Fermented Foods for Gut Health

Little girl eating fermented foods

Fermented Foods Pave the Gut with Friendly Flora

The Fermentation Festival Comes To Town

The Fermentation Festival is held this Saturday in Santa Barbara. Be sure to attend and enjoy!

As a kid, I craved sauerkraut and dill pickles. Why? Little did I know these mouth-puckering treats were paving my gut with healthy flora and bacteria. And, did I ever need it! My easily infected asthmatic lungs were treated regularly with antibiotics. By regularly, I mean 6-12 times a year. This is common. My clients with gut issues and weak immune systems often will tell a similar story. Antibiotics, sometimes needed for healing, are commonly over-prescribed. They destroy the “bad bugs”; but the good ones, too. The side effects may include gas, bloating, allergies, constipation, yeast overgrowth (called “Candida”), and even depression. Fermented foods are a fun and sure way to restore bacterial balance in the gut.

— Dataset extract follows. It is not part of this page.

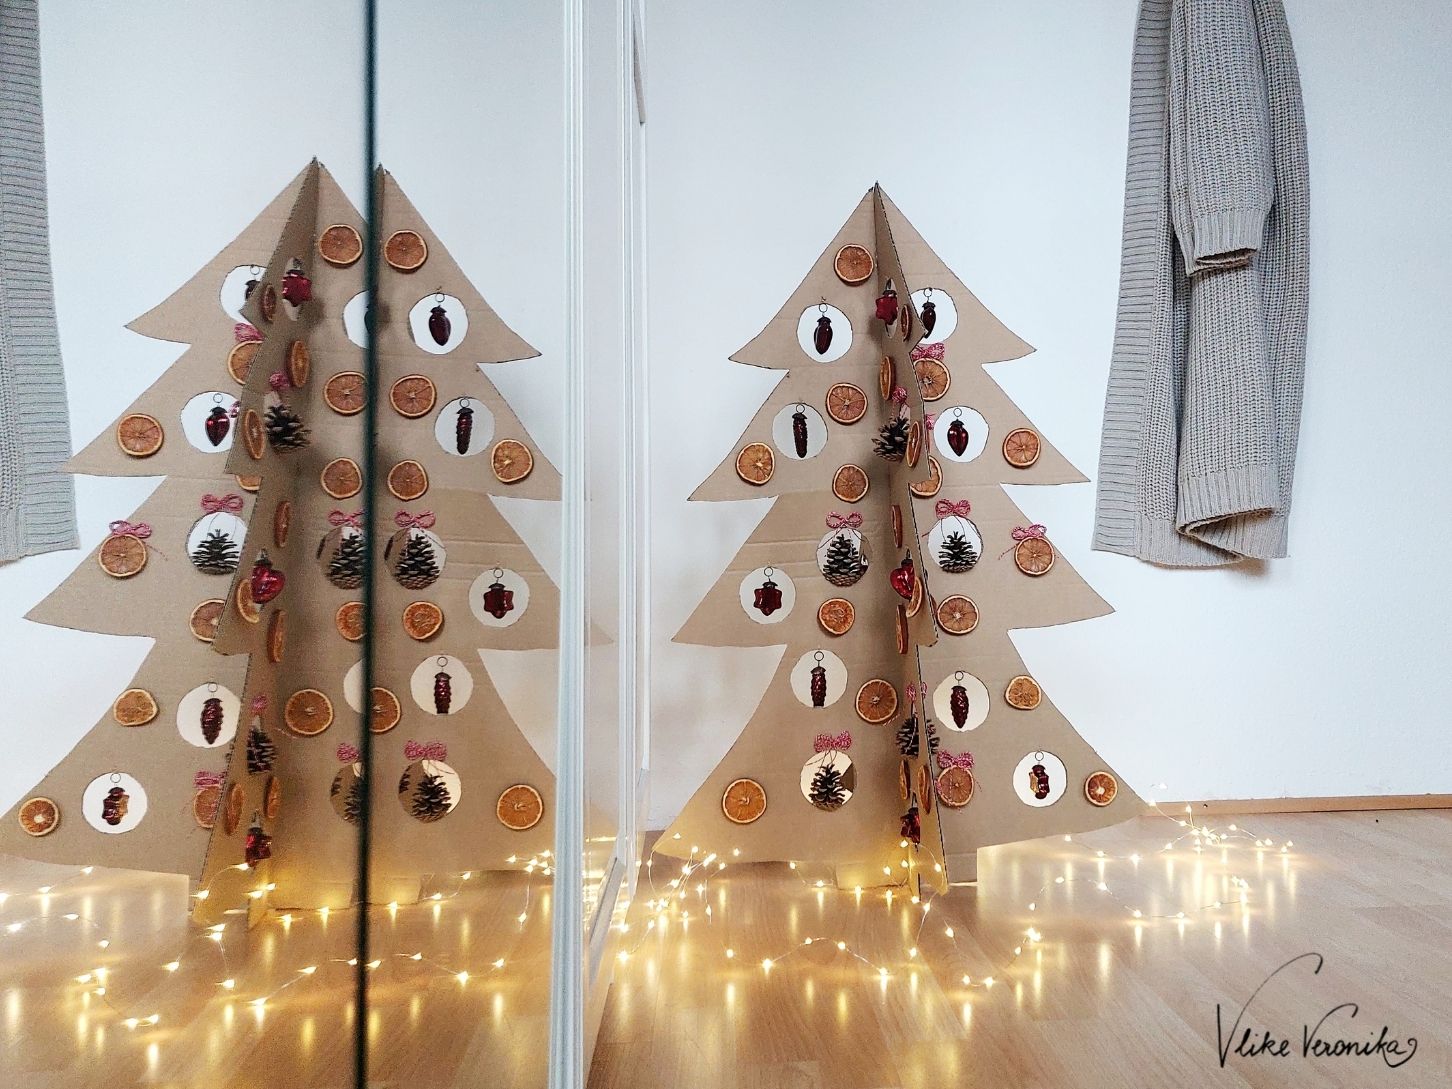 VlikeVeronika_Bastelanleitung für Upcycling Weihnachtsbaum aus Karton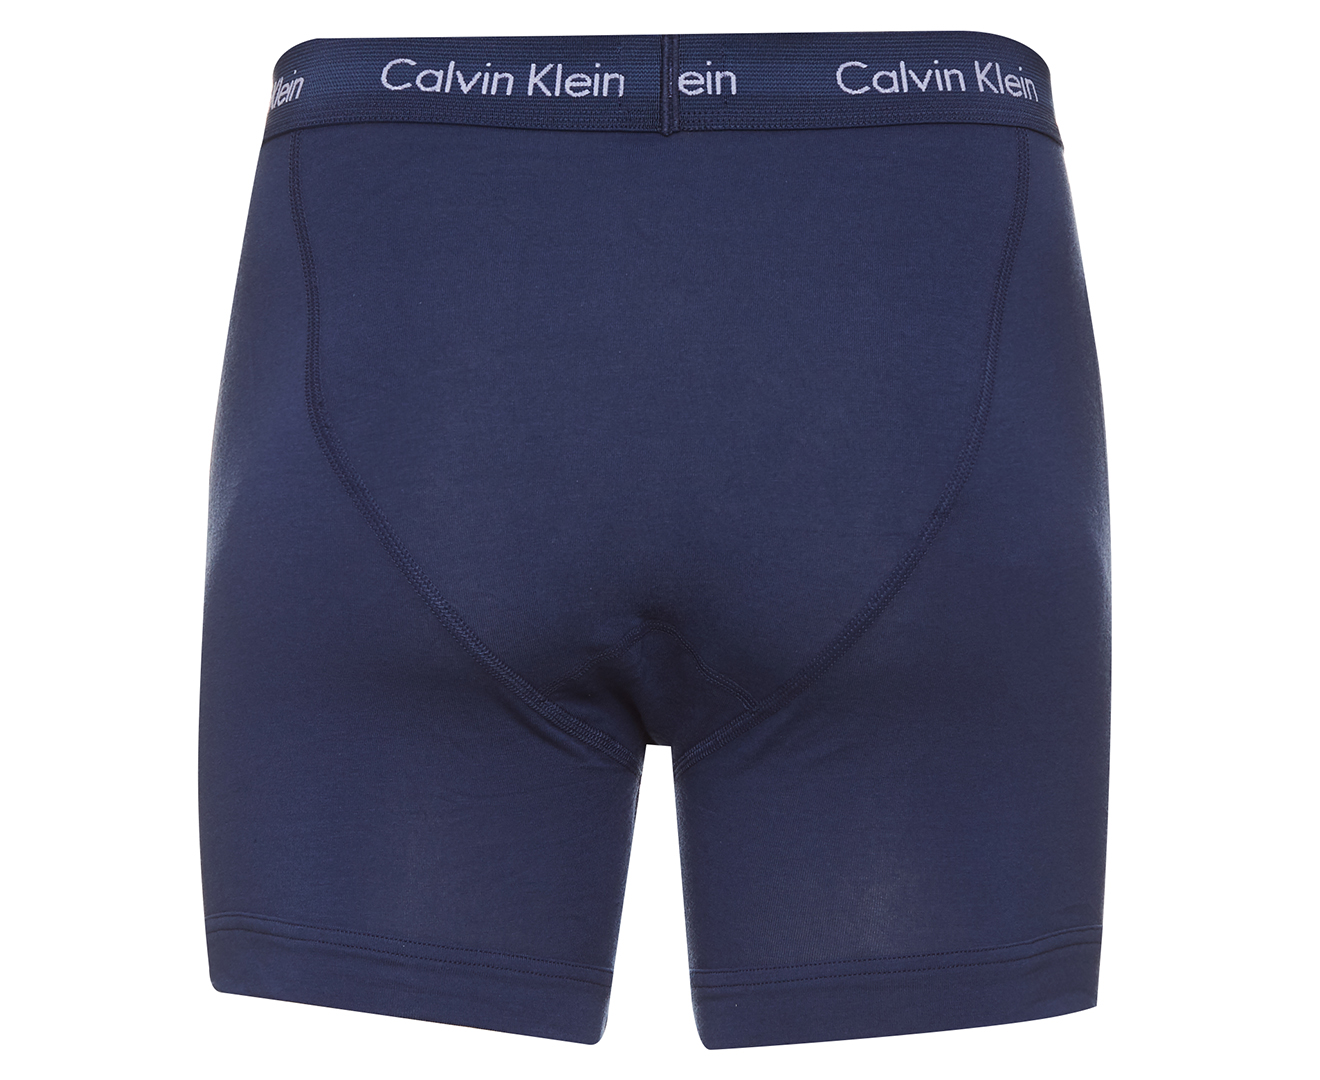 Calvin Klein Underwear Cotton Stretch Boxer Brief 3-Pack NU2666 Reviews

Fermented Foods From Around The World

Not too long ago, if you asked for the “fermented food section” of a health food store, you were shown a tiny area. This may have included the common dill pickle, and kimchi, a spicy fermented vegetable dish from Asia. Today you will find a bountiful display of tasty fermented foods that fill an entire aisle. Be bold and experiment with probiotic-rich additions to salads and dishes. If your gut is sensitive, start with a tablespoon. It is good to try new foods in small amounts.

The Detoxifying & Healing Benefits of Fermented Foods

The fermented foods are rich in Vitamin K2 and B. K2 protects the heart and clears the arteries. The B vitamins optimize the immune system and also super-charge your energy. In addition, B vitamins offer a source of enzymes for digestion. Chelation is a super cleansing process that helps to eliminate heavy metals and toxins. The fermented foods are the natural chelators. I have seen the benefits of chelation to detoxify and cleanse. I prefer natural chelation to the drugs that “do the job,” but also put added stress on the body and the nervous system. Fermented foods have been a staple of the indigenous diet for thousands of years, worldwide. And our great-great grandparents also knew how to stay healthy.

Last but not least, I want to offer a big shout out to one of my favorite mother-daughter teams, Lynn Hartman and Katie Hershfelt, for creating the Fermentation Festival here, in Santa Barbara, CA. Thank you!